Forget about campground wifi, and coverage maps are not really useful as most campgrounds are on the edge of signal boundaries.

If you don't already have the RV traveling skillset, I'd avoid it this summer. Go for some nice AirBnB/VRBOs with fast wifi.
posted by RobotVoodooPower at 8:14 AM on May 24 [5 favorites]


Maybe rent/buy a rig that allows you to zoot into some town for internet access while the family kitchen stays in camp? ... Do you consider the average coffee shop reliable and serious? What are the consequences (to your career) if you happen to be fighting 20 other laptoppers?

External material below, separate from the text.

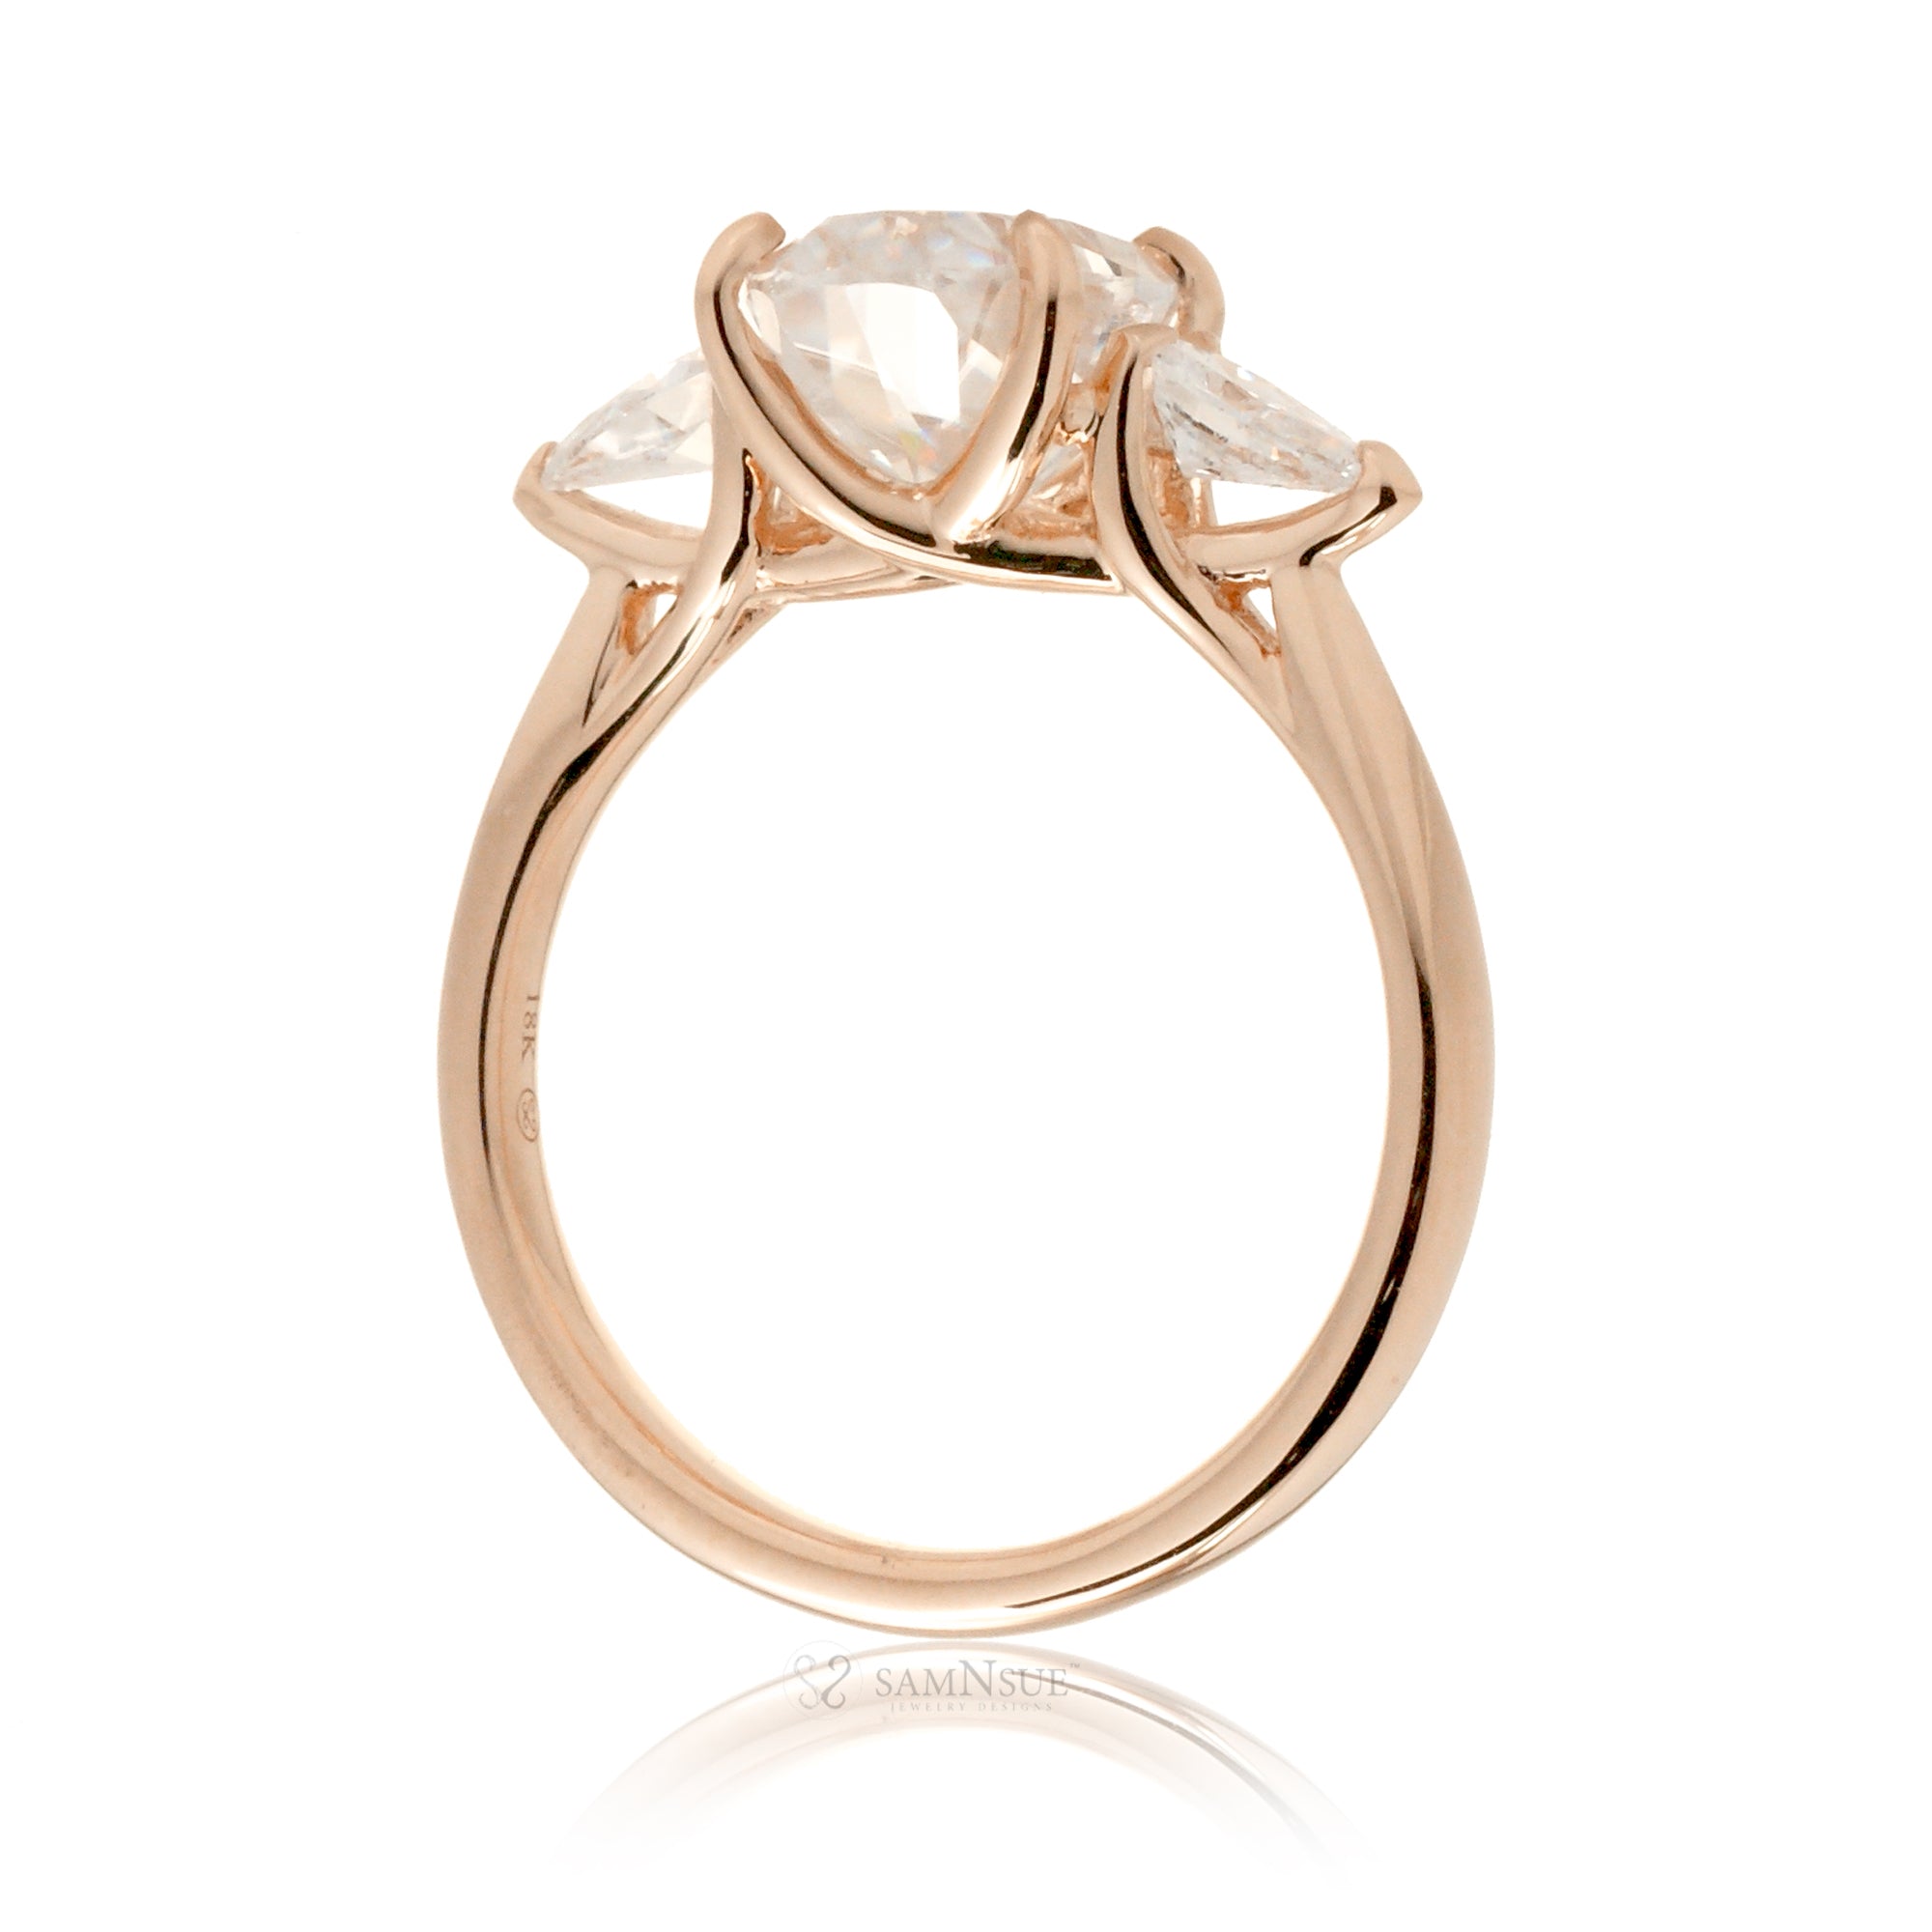 The Iris Oval Diamond Ring (Lab-grown)

Please don't do this. Traveling from town to town and lingering in small businesses with a bunch of people is exactly what we need to not being doing right now.
posted by Candleman at 11:53 AM on May 24 [6 favorites]


Your goals of travel + internet + safety are incompatible. As mentioned, reliable internet is going to be incredibly difficult. Also, "places that are open and safe" is a questionable premise, how do you expect to do social distancing while traveling, nevermind needing internet? Because, yeah, coffeeshops are a no-go and so are gas stations, state parks, grocery stores...do yourselves and the people of those communities a favor and stay home.
posted by epanalepsis at 12:43 PM on May 24 [4 favorites]

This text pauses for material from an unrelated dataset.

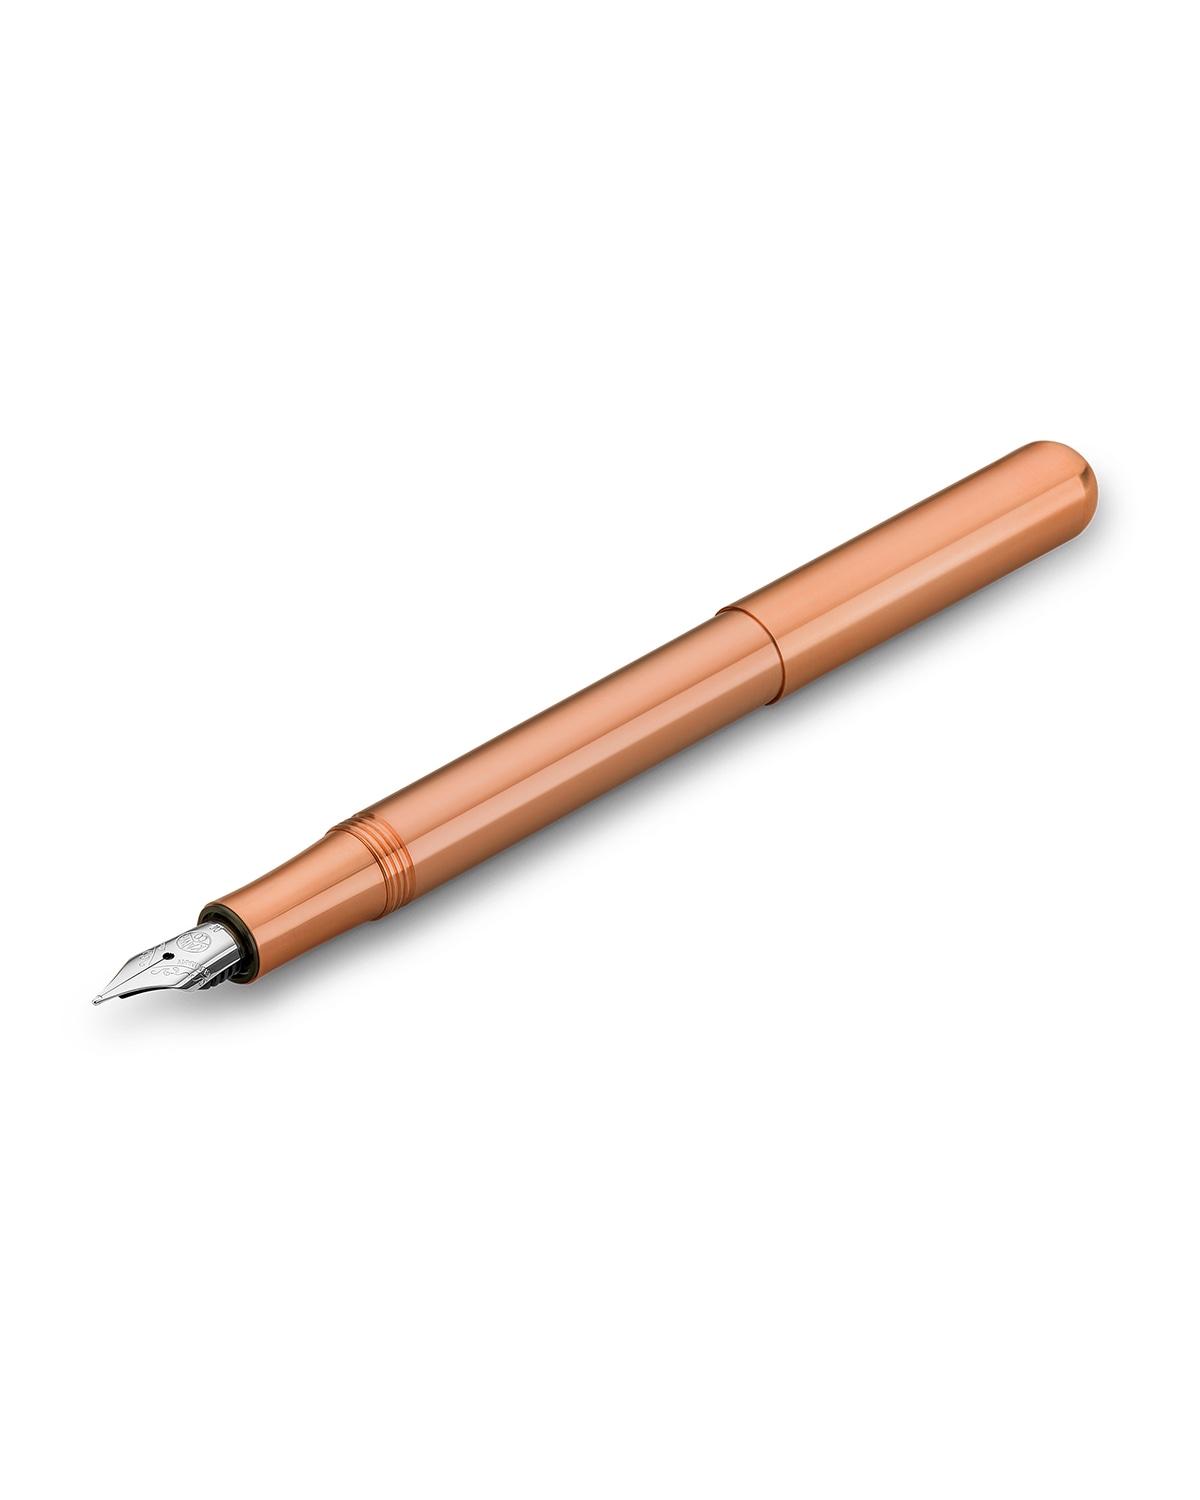 Ручка перьевая KAWECO LILIPUT Copper Медный 5 вариантов пера

As a resident of a state about to receive a tourist influx, I'm asking you kindly to reconsider this plan. You will only be a welcome visitor in places that are demonstrably unsafe.
posted by donnagirl at 1:43 PM on May 24 [4 favorites]


I traveled around the US for 7 months in 2017 / 2018 and the only constant was that campground WiFi is universally - 90% at least - terrible. Really, really bad, as in maybe if you’re lucky you can check your email, but as far as serious work, forget it. Many campgrounds throttle it - I lost count of the private campgrounds with cutesy WiFi passwords that were some variant on No Streaming, or that made you sign pledges promising not to even try to stream movies or have more than 2 devices on WiFi - or they’re just not equipped to handle more than maybe 4 or 5 people online at once, so if the campground is crowded, forget it. In the summer the campground is going to be crowded.

I looked at various recommendations, including I think the one linked above, and it seemed like all the best options were $$$ and no guarantees. If you have serious money to throw at it, you might be able to get satellite. I had a Verizon hotspot which ate data and I spent more time in various Starbucks than I really wanted - and I was just blogging, not trying to actually work. The other problem is you’re not going to know until you get there what kind of connection you’re going to have in any given campground / area. I had great WiFi in a state park in rural New Mexico (outside Roswell) and utterly terrible WiFi near Chicago. There’s no predicting it.

You probably know this, but a lot of campgrounds are not open yet and/or may not open this summer. So make sure you call well in advance; staying in Wal Mart parking lots is fun the first time or two but it gets old really fast.
posted by mygothlaundry at 2:42 PM on May 24 [2 favorites]


Oh and let me add that the other universal is that every single campground lies through their teeth about their WiFi. They all claim it’s free and fast and robust and usually it is none of those things. Do not believe them. Also, bring a DVD player for the kids, you’re not going to be able to fall back on Netflix or Hulu.
posted by mygothlaundry at 2:48 PM on May 24 [2 favorites]


I fulltime RV. I am at a campground that has excellent wifi. That's one of the reasons I haven't left. I am starting to see some RV parks offering 'good' wifi at a daily rate. I balance that out with a jet pack, hotspotting off my phone, planning a visit to a friend's house, etc. You sort of need to piece it together and be ok with driving to the top of a mountain to have a conference call at times. You can also plan on renting a hotel room every so often so you can have stable access.

I do agree that this isn't really the summer for this trip. I am staying in place probably until winter, depending on how things play out (longer if needed, of course).